12. Instruction 26, given at the request of defendant, -is objected to, because not applicable to the case. It was that where weaker or less satisfactory evidence is offered, when it appears that stronger and more satisfactory evidence was within the power of the party and not offered, the evidence offered should be viewed with distrust. Appellant claims that this instruction was aimed at the plaintiff’s evidence, but that in fact there is nothing in the transcript to show that in plaintiff’s case there was anything to warrant it. I do not find any very glaring instance of substitution by plaintiff of weaker for more satisfactory evidence within his control; but as much cannot be said for defendant’s evidence. Instructions, however, although asked by the respective parties, become, when given, the law as announced by the court, and may be and should be applied to the entire evidence. If *881defendant asked for an instruction which in fact was prejudicial to and applied to its own, and did not apply to plaintiff’s, evidence, we cannot see that it could injure plaintiff or be error.

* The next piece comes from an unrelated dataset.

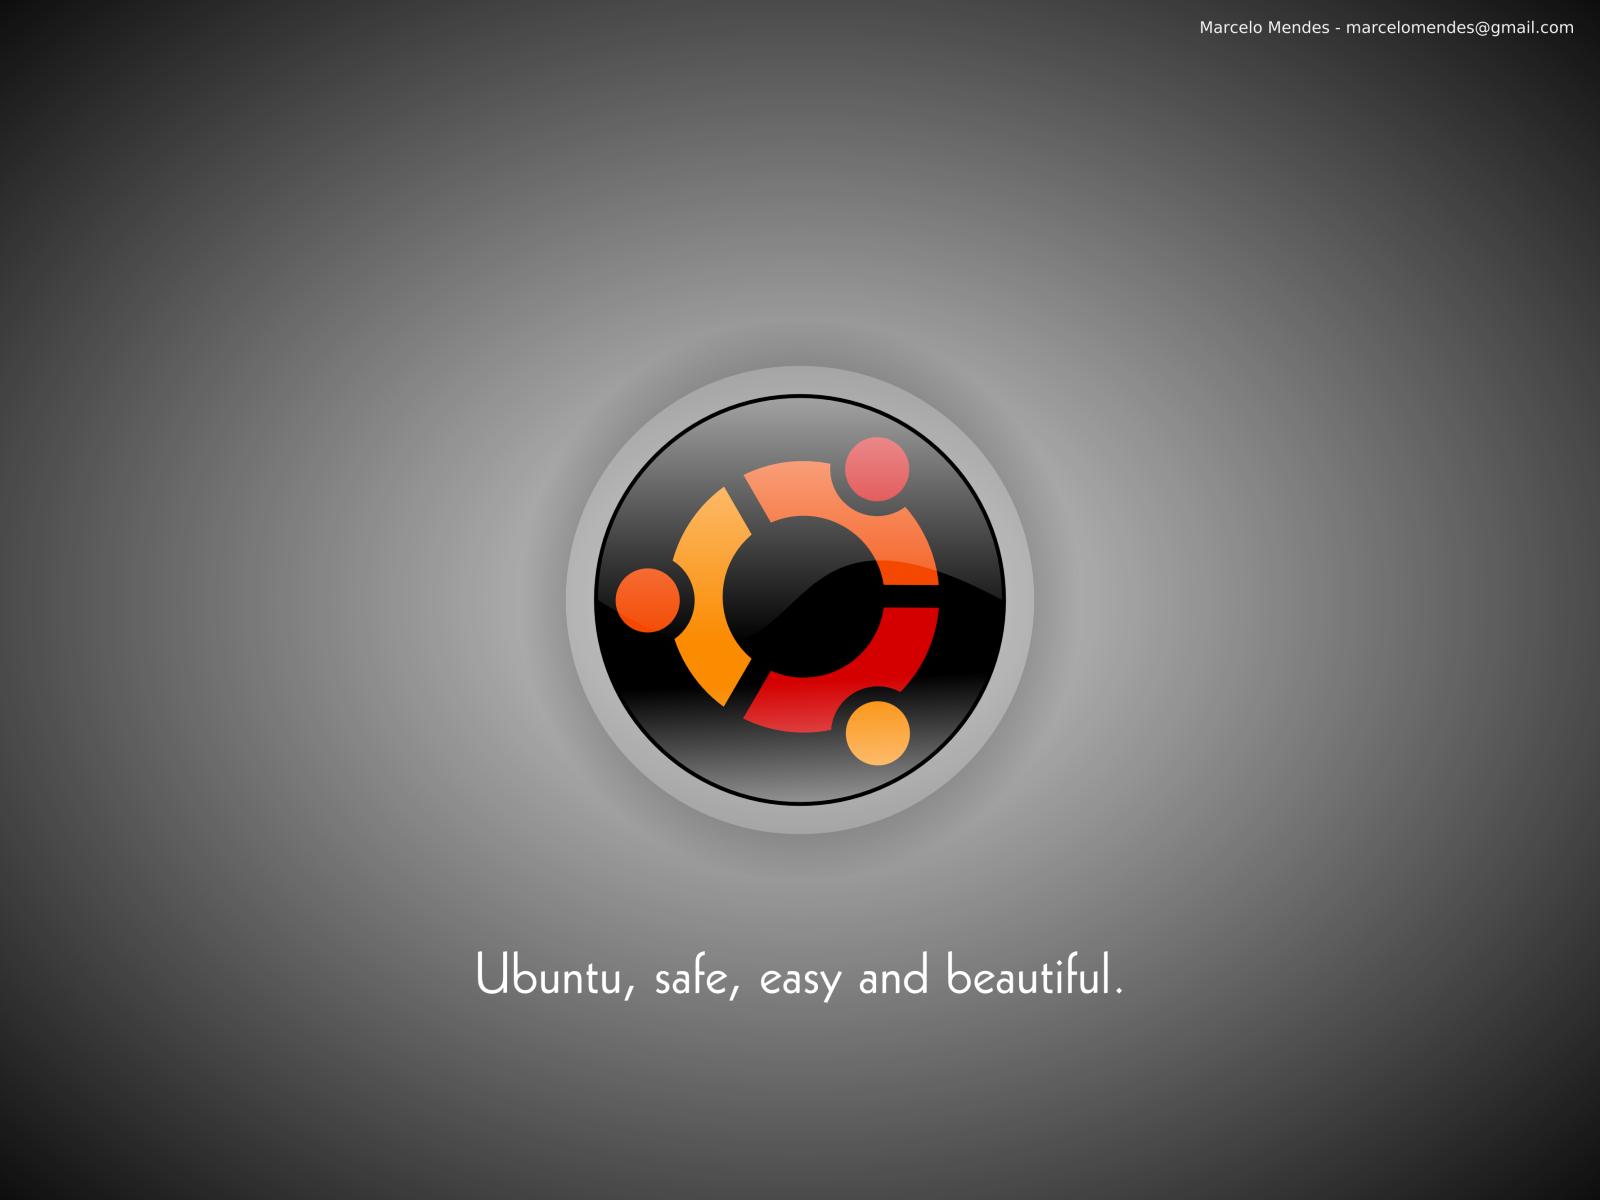 ubuntu wallpapers hd ubuntu wallpapers hd ubuntu wallpapers hd ubuntu 1600x1200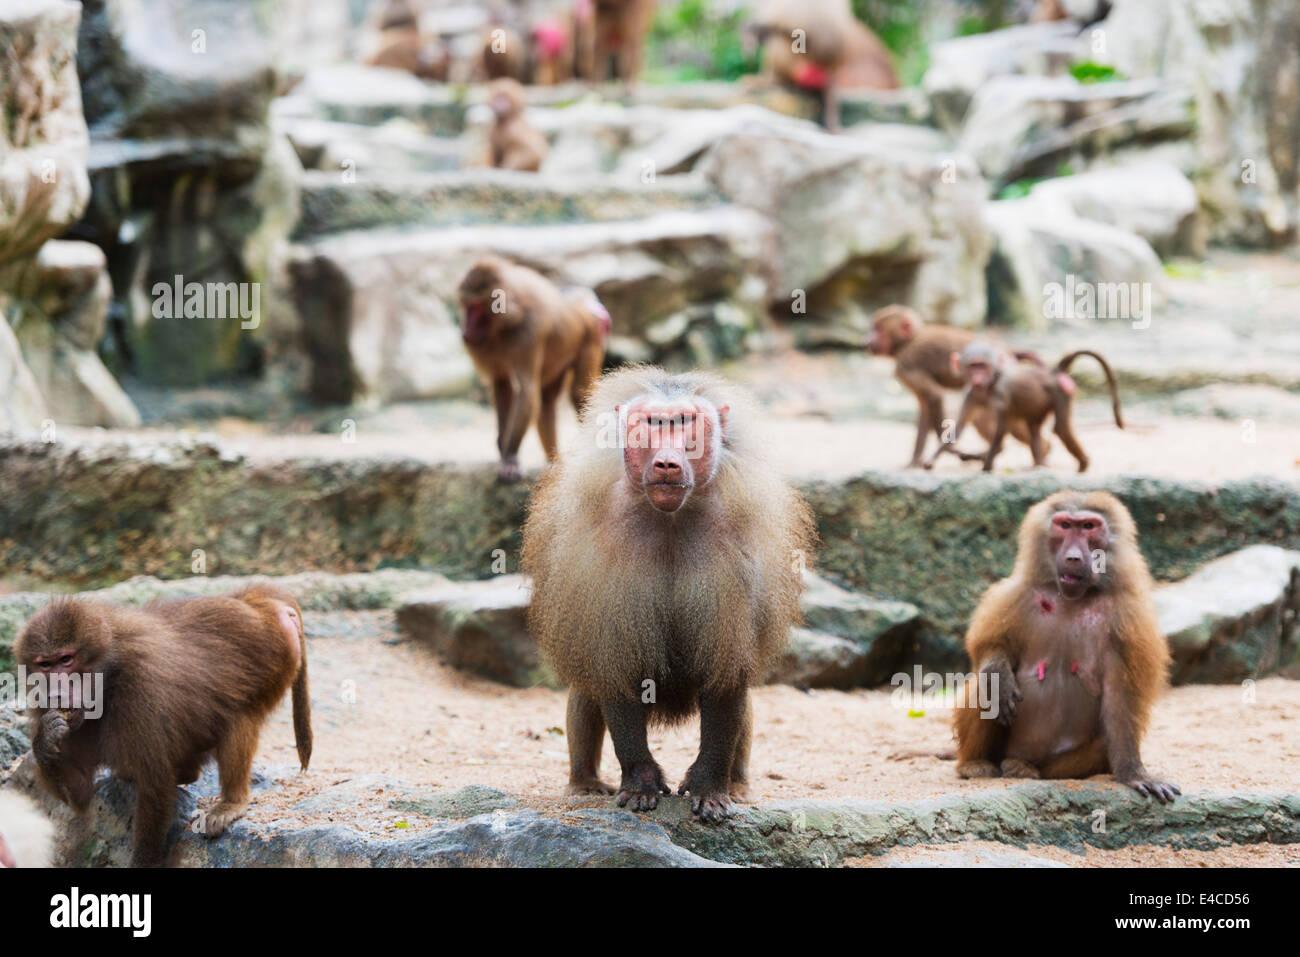 South East Asia, Singapore, Singapore zoo, Ethiopian baboon, Gelada (Theropithecus gelada) - Stock Image

13. Instruction 27, asked by defendant, and given, is objected to as singling out and naming two of plaintiff’s witnesses, and saying to the jury of them that, if their statements as witnesses were found to be inconsistent with their statements made elsewhere, the jury were at liberty to determine to what extent that fact would tend to impeach their credibility or detract from the weight to be given their» testimony. The objection is not to the law as stated, but to pointing out the particular witnesses by name. We do not think that such course is to be commended. The better and fairer practice is to leave the jury, aided by argument of counsel, to make the application. The danger is that, where the court designates certain witnesses by name, the jury may assume that these witnesses alone are to be regarded as within the rule, while there may be others fairly within it, or claimed to be within it. Juries, in doubtful cases, are often inclined to follow intimations given by the trial judge; and, as the jurors are the exclusive judges of the facts, the court should avoid invading this prerogative of the jury, either directly or by implication. In this case, however, we are pointed to no instances where the instruction might apply other than to the witnesses named; arid we cannot say that the jury was misled by it, or that it worked injury to the plaintiff. On the whole case, we find no sufficient error to warrant a new trial, and therefore advise that the judgment and order be affirmed.

We concur: Haynes, C.; Belcher, 0.

PER CURIAM.

For reasons given in the foregoing opinion the judgment and order are affirmed.